• **Assigned task**: Copy out, unchanged, the entries below from the "#EstudiantsUB | 🏃‍♀️" line to the final line. Omit pictures.

-- Input data follows --

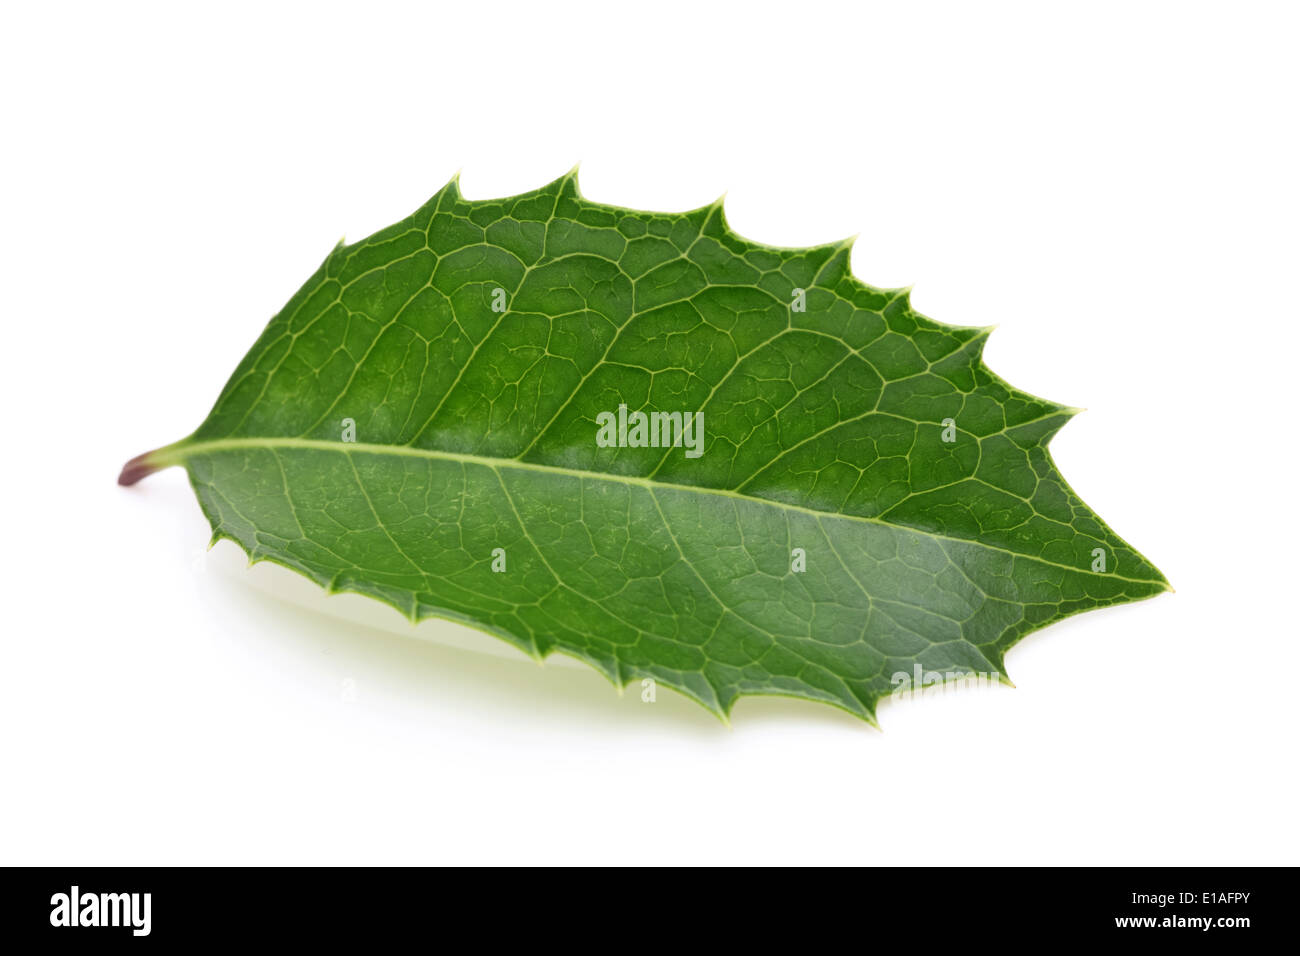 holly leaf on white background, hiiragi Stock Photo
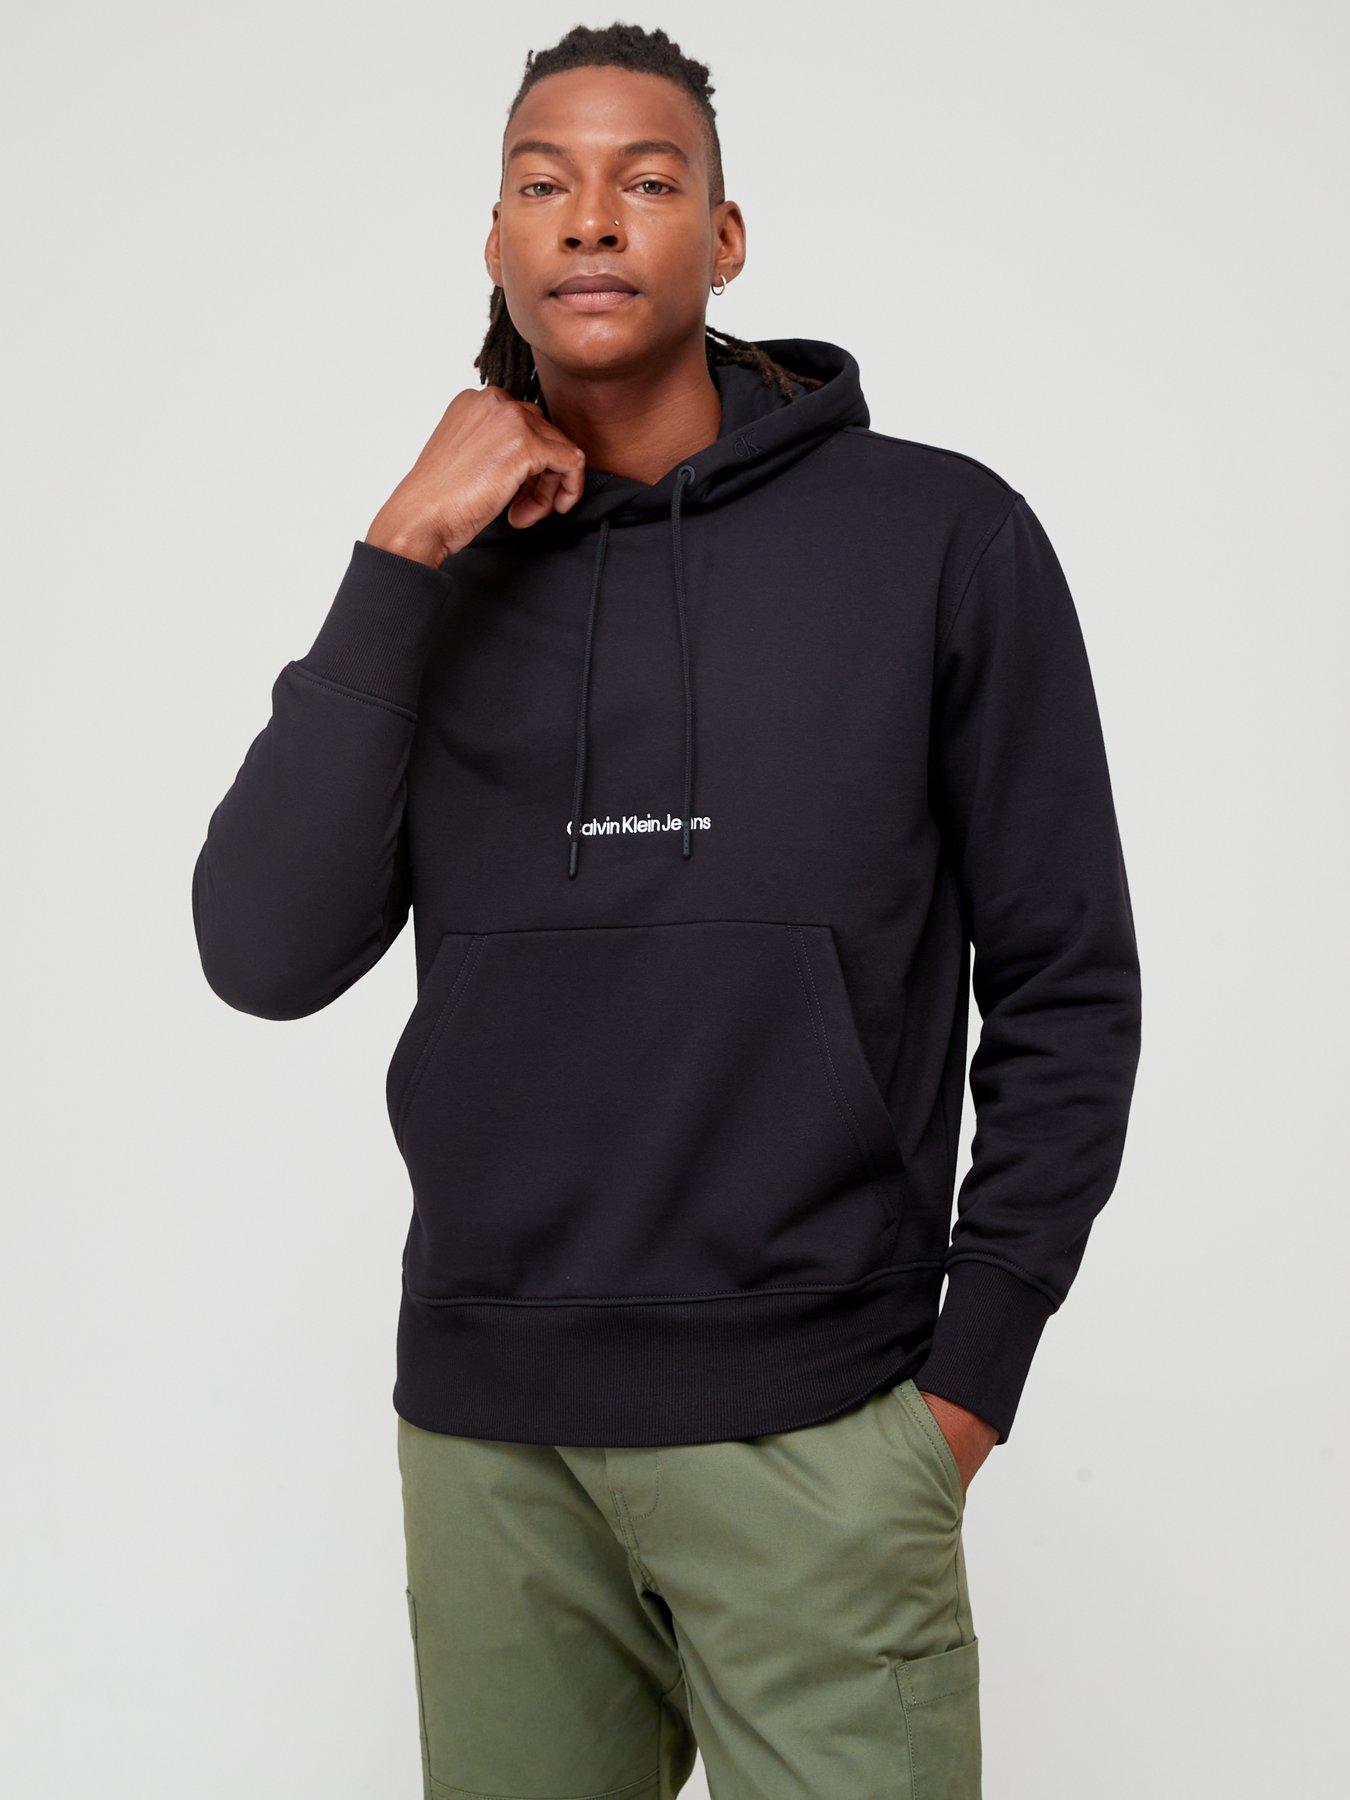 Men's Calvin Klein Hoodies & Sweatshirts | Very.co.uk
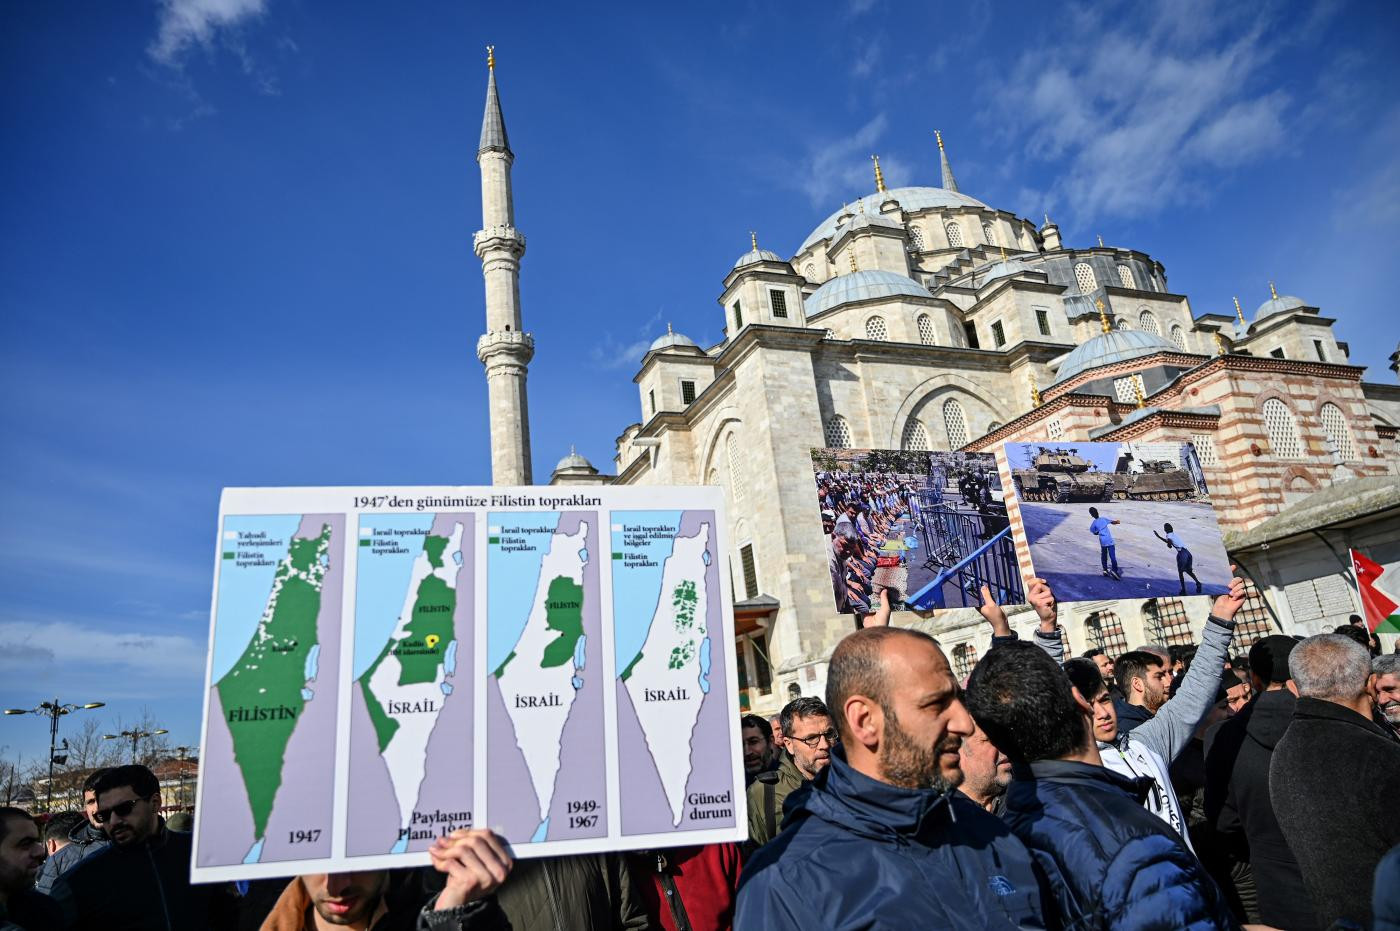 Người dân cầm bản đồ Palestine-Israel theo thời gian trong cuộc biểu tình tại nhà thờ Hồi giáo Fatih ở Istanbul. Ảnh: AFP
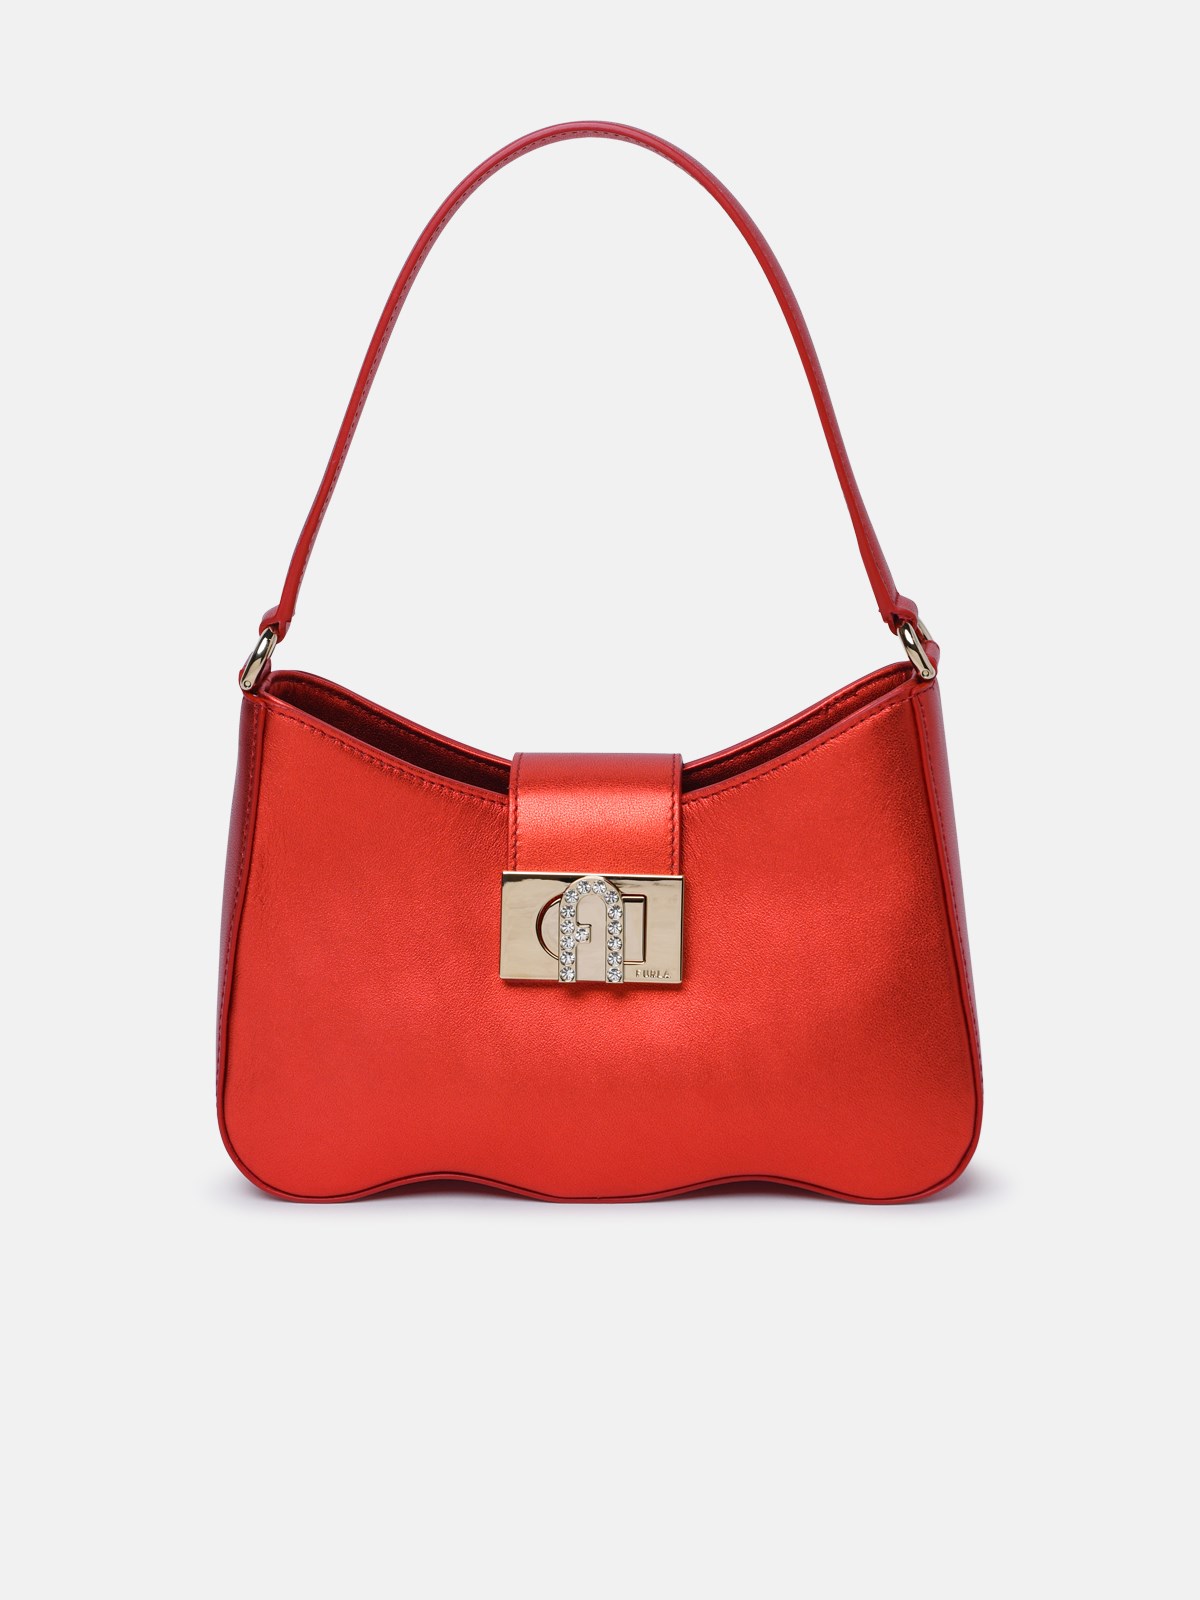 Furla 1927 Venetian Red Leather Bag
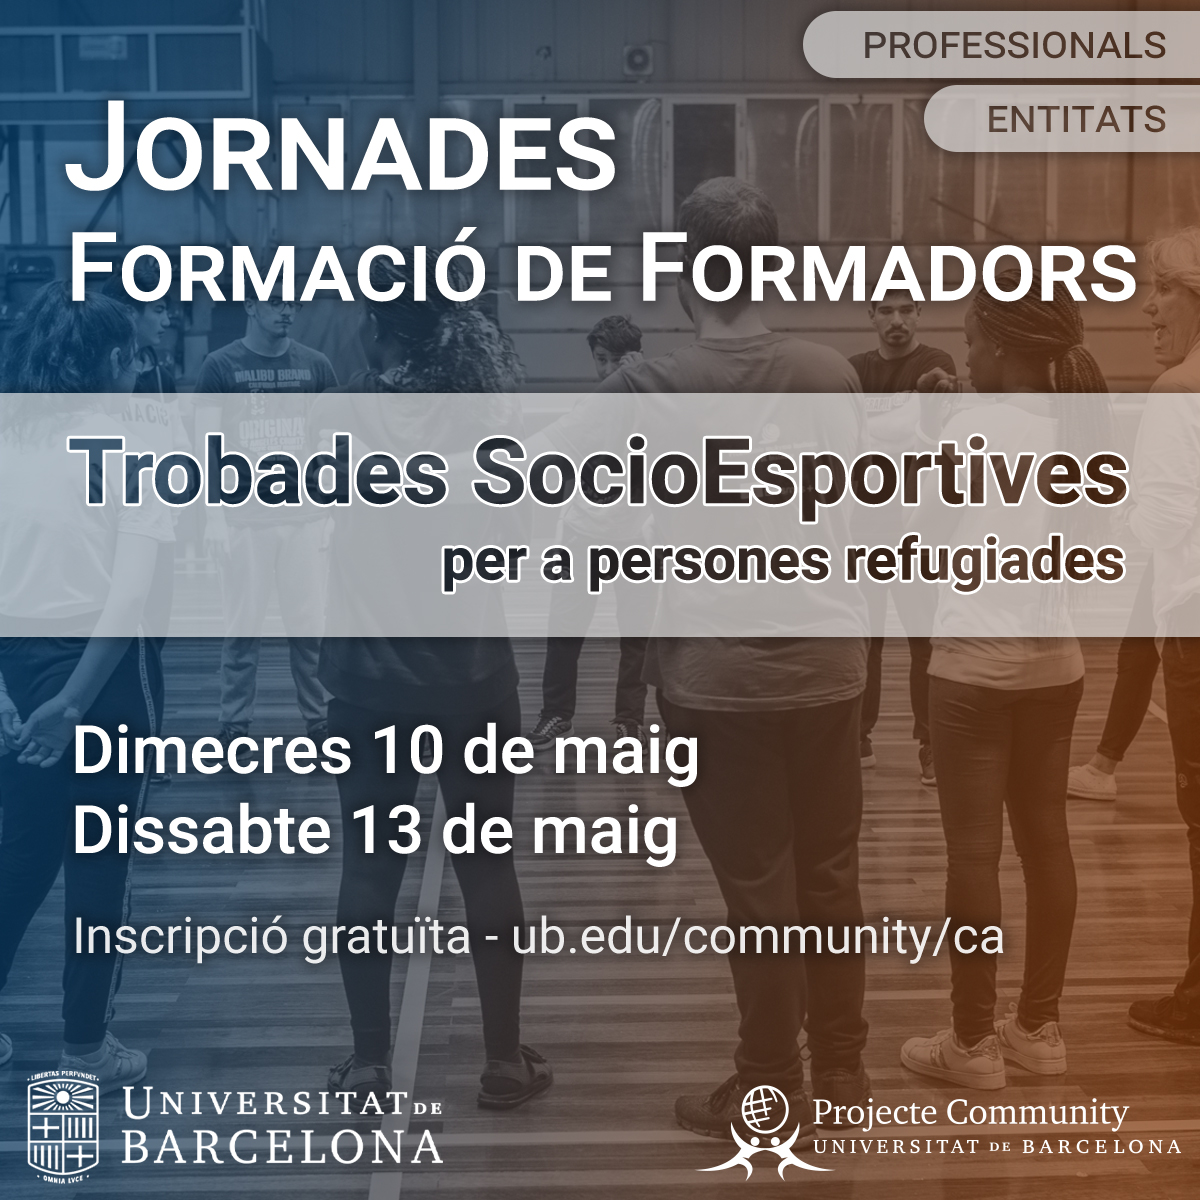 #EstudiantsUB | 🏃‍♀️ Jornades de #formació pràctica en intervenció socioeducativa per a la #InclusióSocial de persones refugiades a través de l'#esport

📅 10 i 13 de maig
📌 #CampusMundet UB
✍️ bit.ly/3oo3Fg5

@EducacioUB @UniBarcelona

-- Input data concluded --

• **Output for this exercise**:
 #EstudiantsUB | 🏃‍♀️ Jornades de #formació pràctica en intervenció socioeducativa per a la #InclusióSocial de persones refugiades a través de l'#esport

📅 10 i 13 de maig
📌 #CampusMundet UB
✍️ bit.ly/3oo3Fg5

@EducacioUB @UniBarcelona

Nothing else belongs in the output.